在他的酒會之中有個名言,那就是喝夠一箱葡萄酒,你就可以見到女士,如果還沒見到,那是因為你還沒喝夠。
戰鬥再開。
科尼爾舉起了戰錘,隨著他的皮手套將戰錘攥得越來越緊,一種狂暴和憤怒的意志開始出現在了年輕白狼騎士的身上。
阿爾德雷爾德的臉上充滿著來自紅酒的紅暈,就像一頭狂怒的雄獅:“為了女士!”
“為了尤里克!”科尼爾身上的氣勢一浪高過一浪,就像寒冷的北方森林之中,一頭巨大的野狼正在狩獵,它張開了自己的嘴巴,露出鋒利的獠牙。
“白狼戰意!”看臺上的萊恩低語道。
最先攻擊的仍然是勇猛的白狼騎士,他邁動著自己矯健的步伐,銀色骷髏戰錘上的顱骨閃閃發亮,戰錘的錘頭以一個刁鑽的腳步直取阿爾德雷爾德的左肩。
王國騎士馬上察覺到了白狼騎士的意圖,科尼爾的戰錘角度找的很好,王國騎士發覺自己如果想要使用往常的舉盾格擋的技術那就完全無法發力,如果收盾抵擋勢必就要被搶走戰鬥的主動權。
阿爾德雷爾德雙目赤紅,他發出了一聲像獅吼一樣的聲音,王國騎士不退反進,騎士長劍劃出一條優美的弧度,直接斬向科尼爾的胸膛。

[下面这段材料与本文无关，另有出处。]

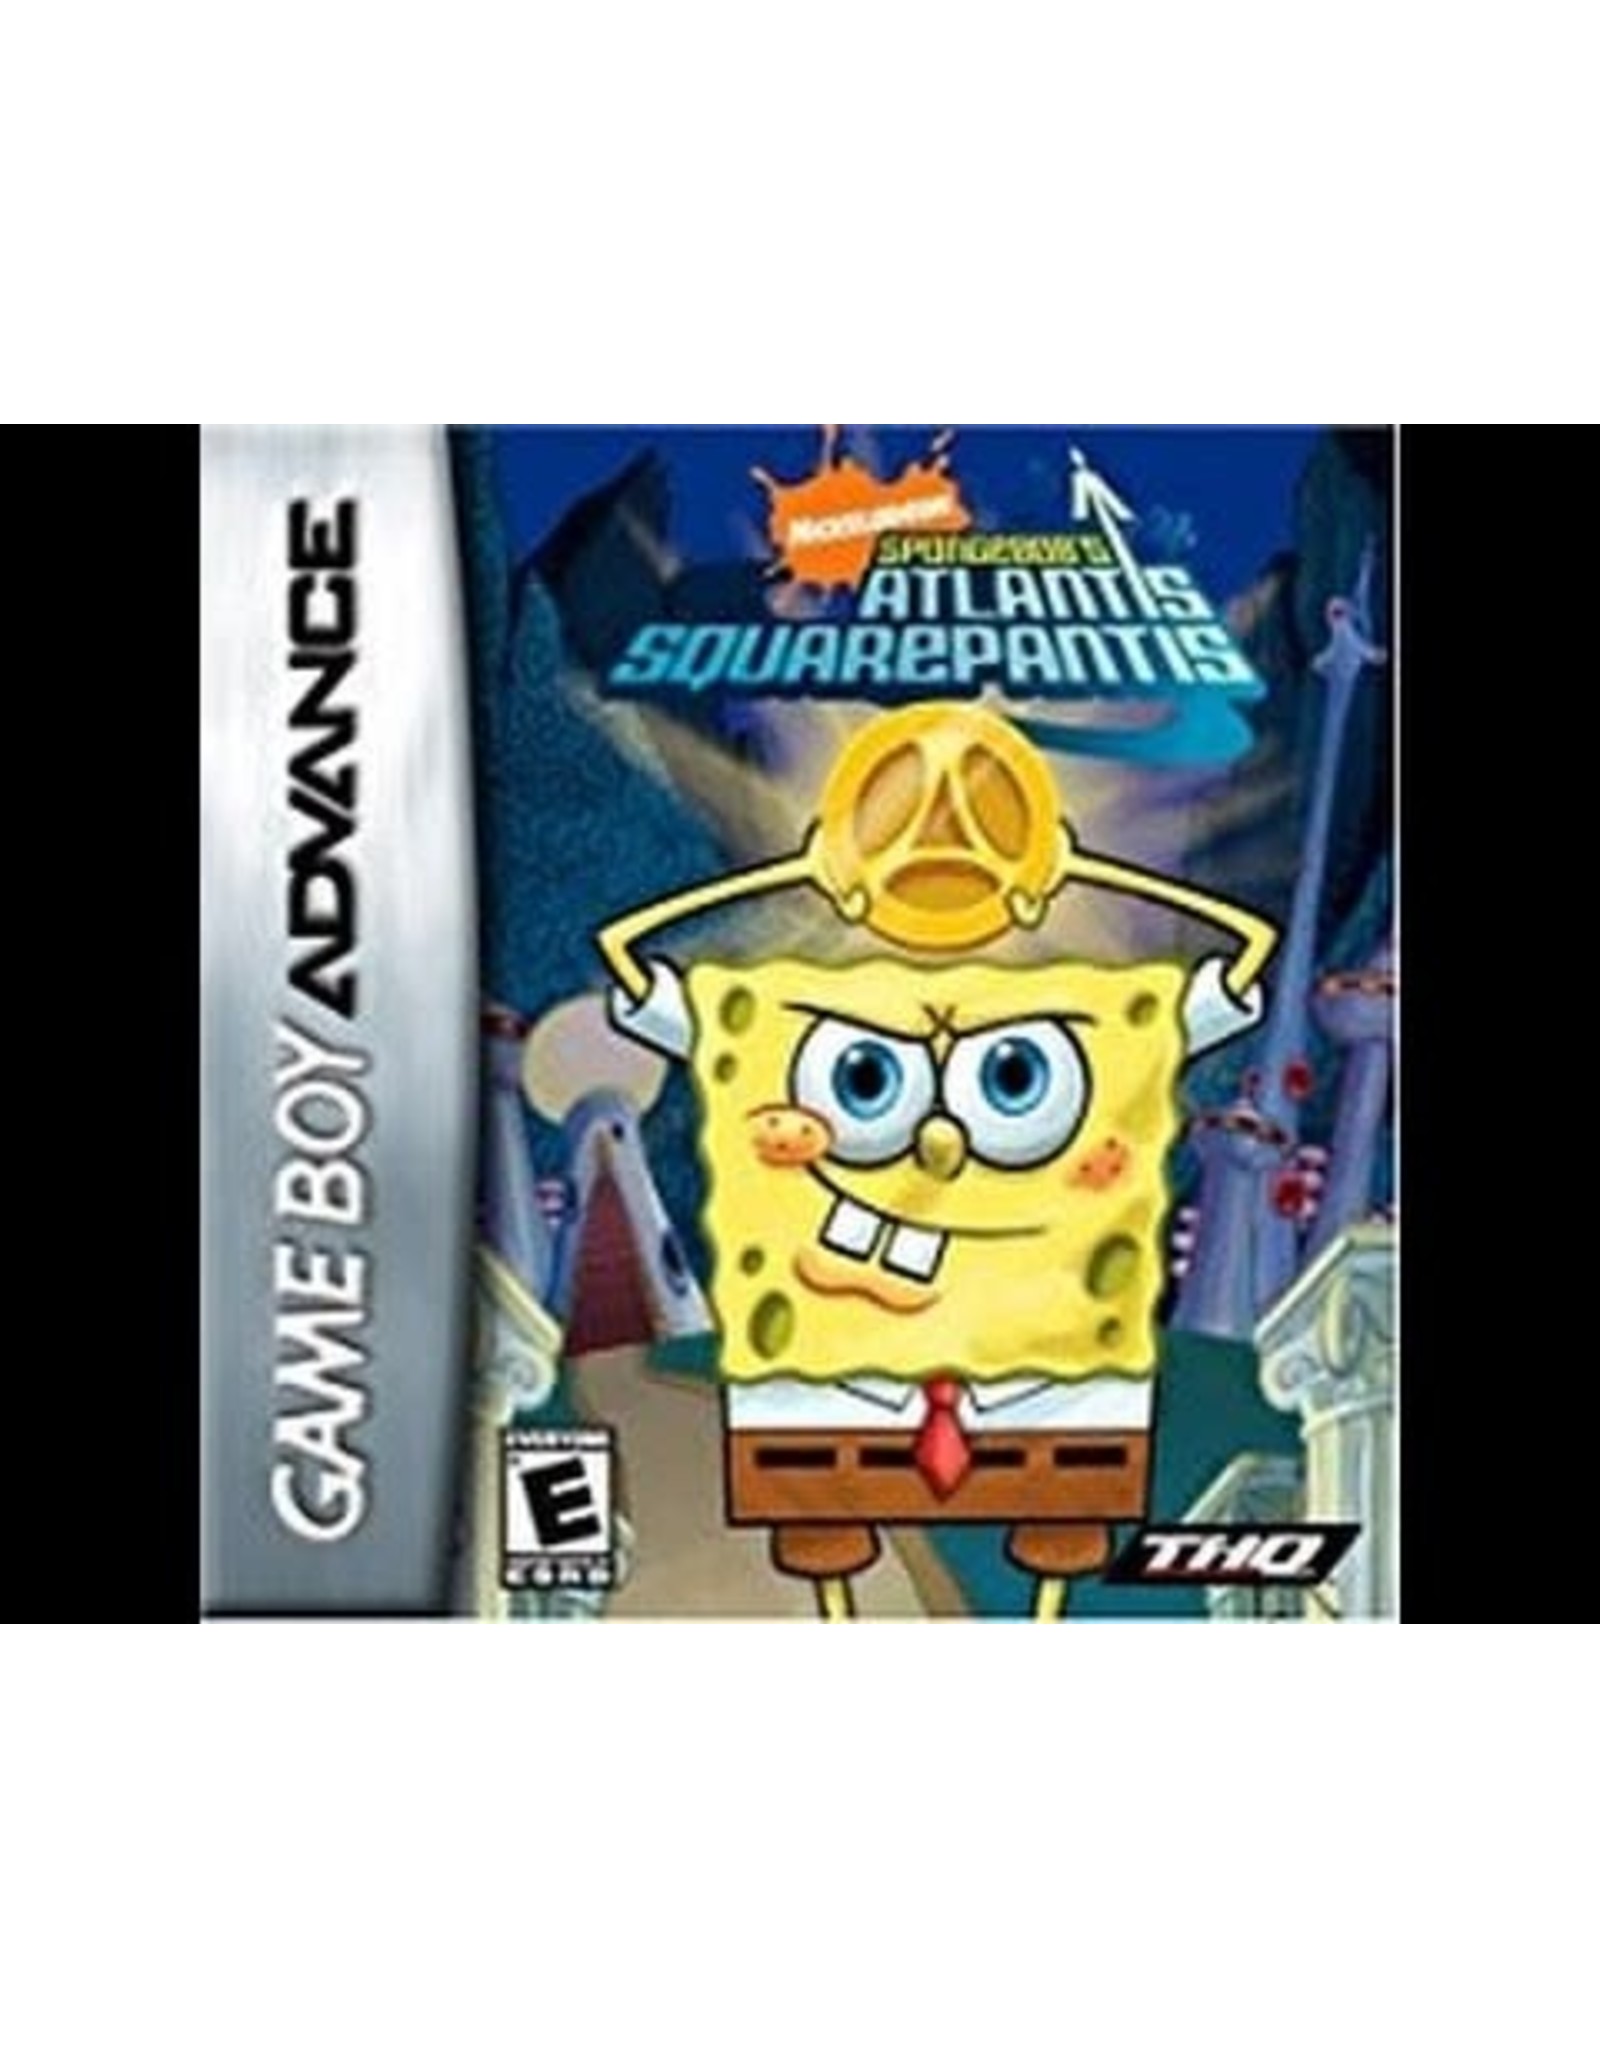 Game Boy Advance SpongeBob SquarePants Atlantis SquarePantis (Cart Only)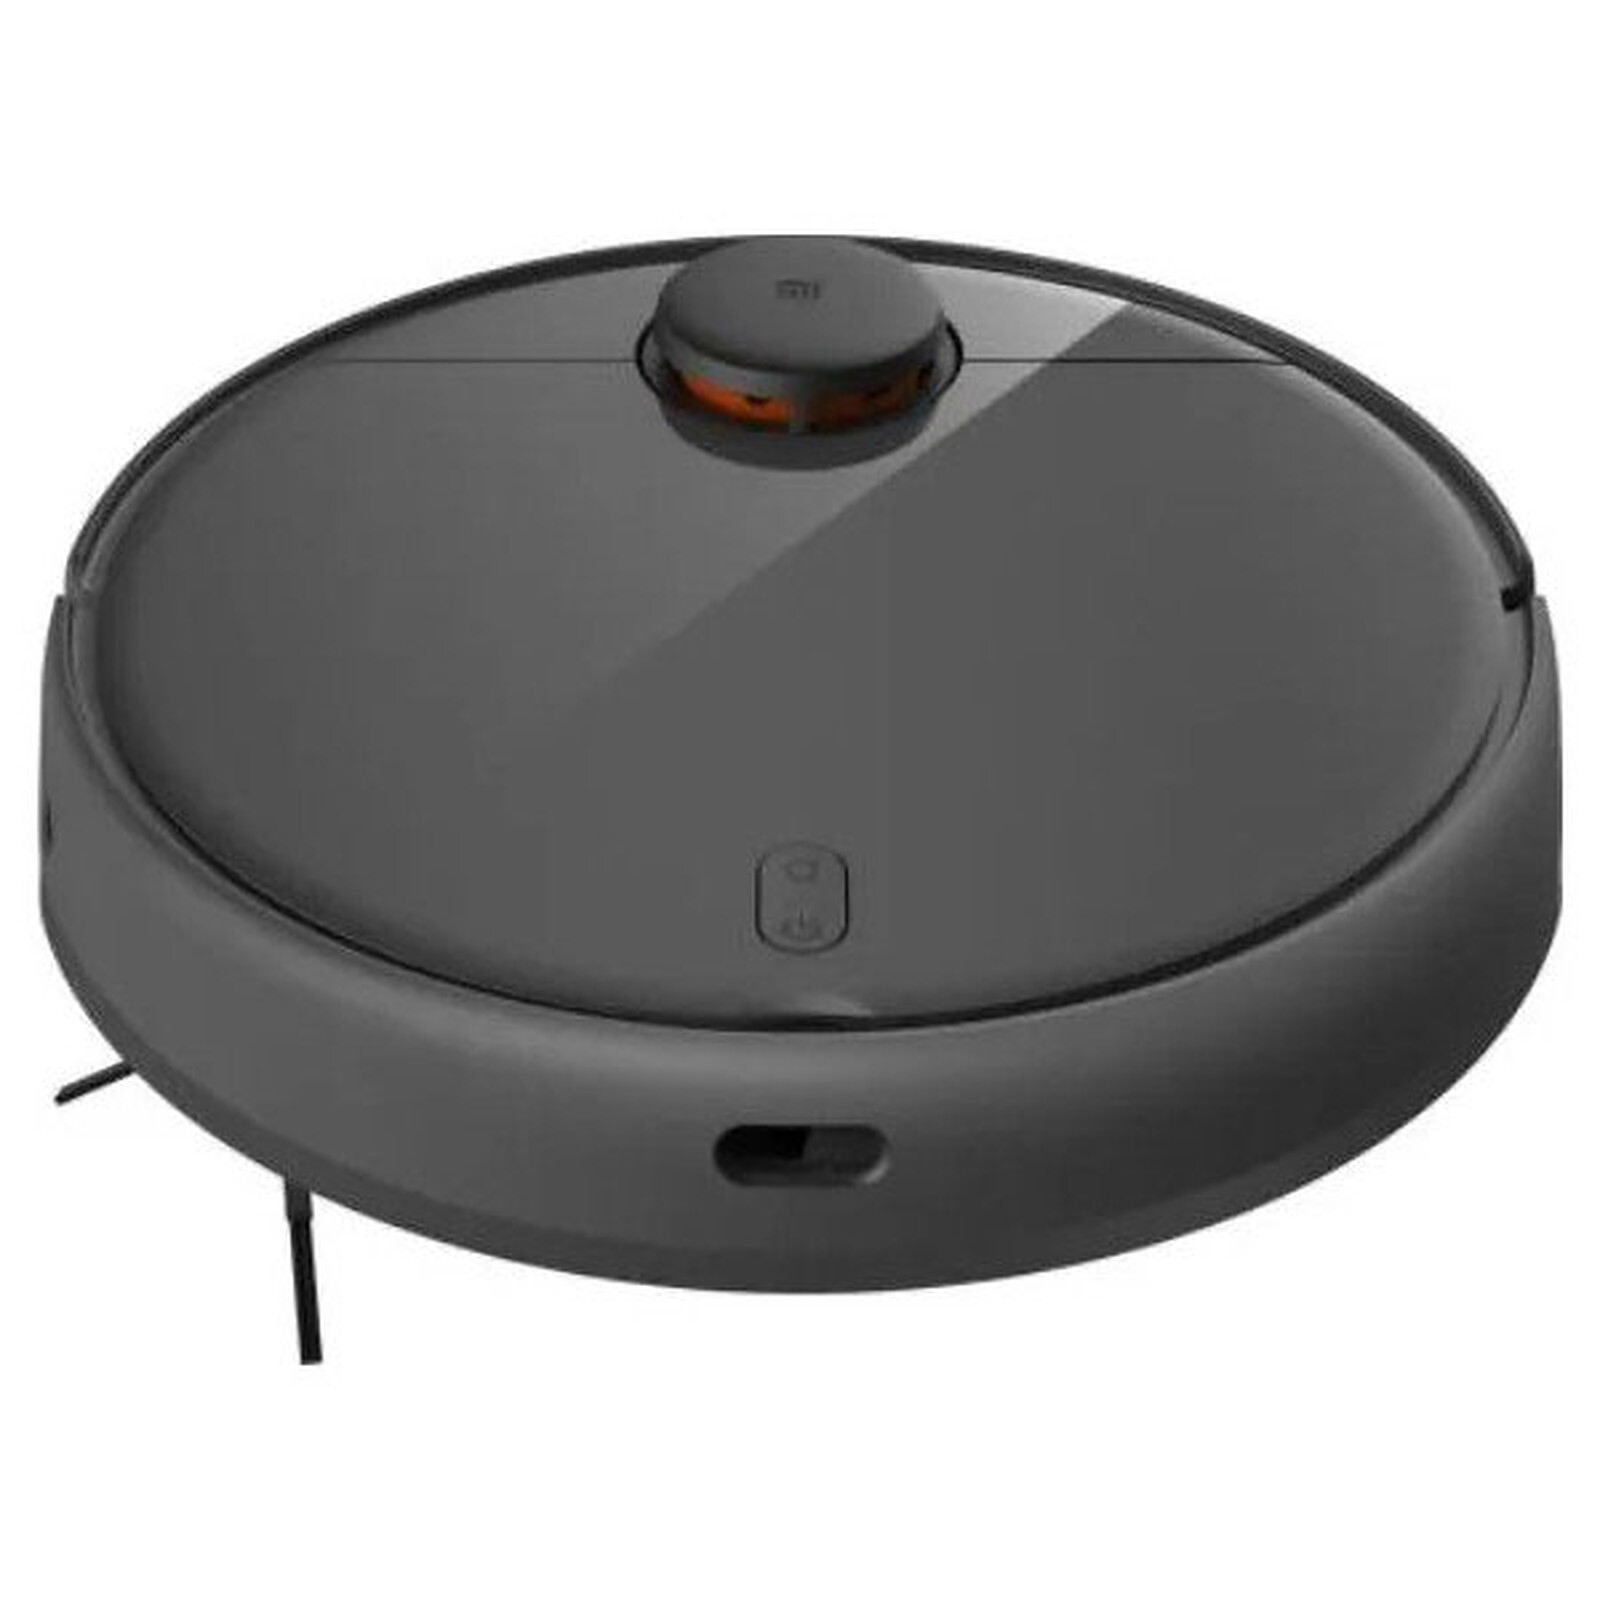 Mi Robot vacuum-Mop 2 Pro

“為了尤里克!”科尼爾的戰錘和阿爾德雷爾德的利劍幾乎同時到達,劍刃劃開了白狼騎士的肩甲,撕開了他的皮肉,可他的戰錘直接隔著戰錘擊打在了王國騎士的肩膀上。
“唔!”兩個人幾乎同時退後,一些小傷反而激發出了屬於騎士的血性。
“為了……女士!”阿爾德雷爾德咆哮道,他的劍盾連擊就像雄獅猛撲,勢大力沉,科尼爾更是狂暴,長劍和戰錘,盾牌和戰錘交鋒濺出的火花不斷。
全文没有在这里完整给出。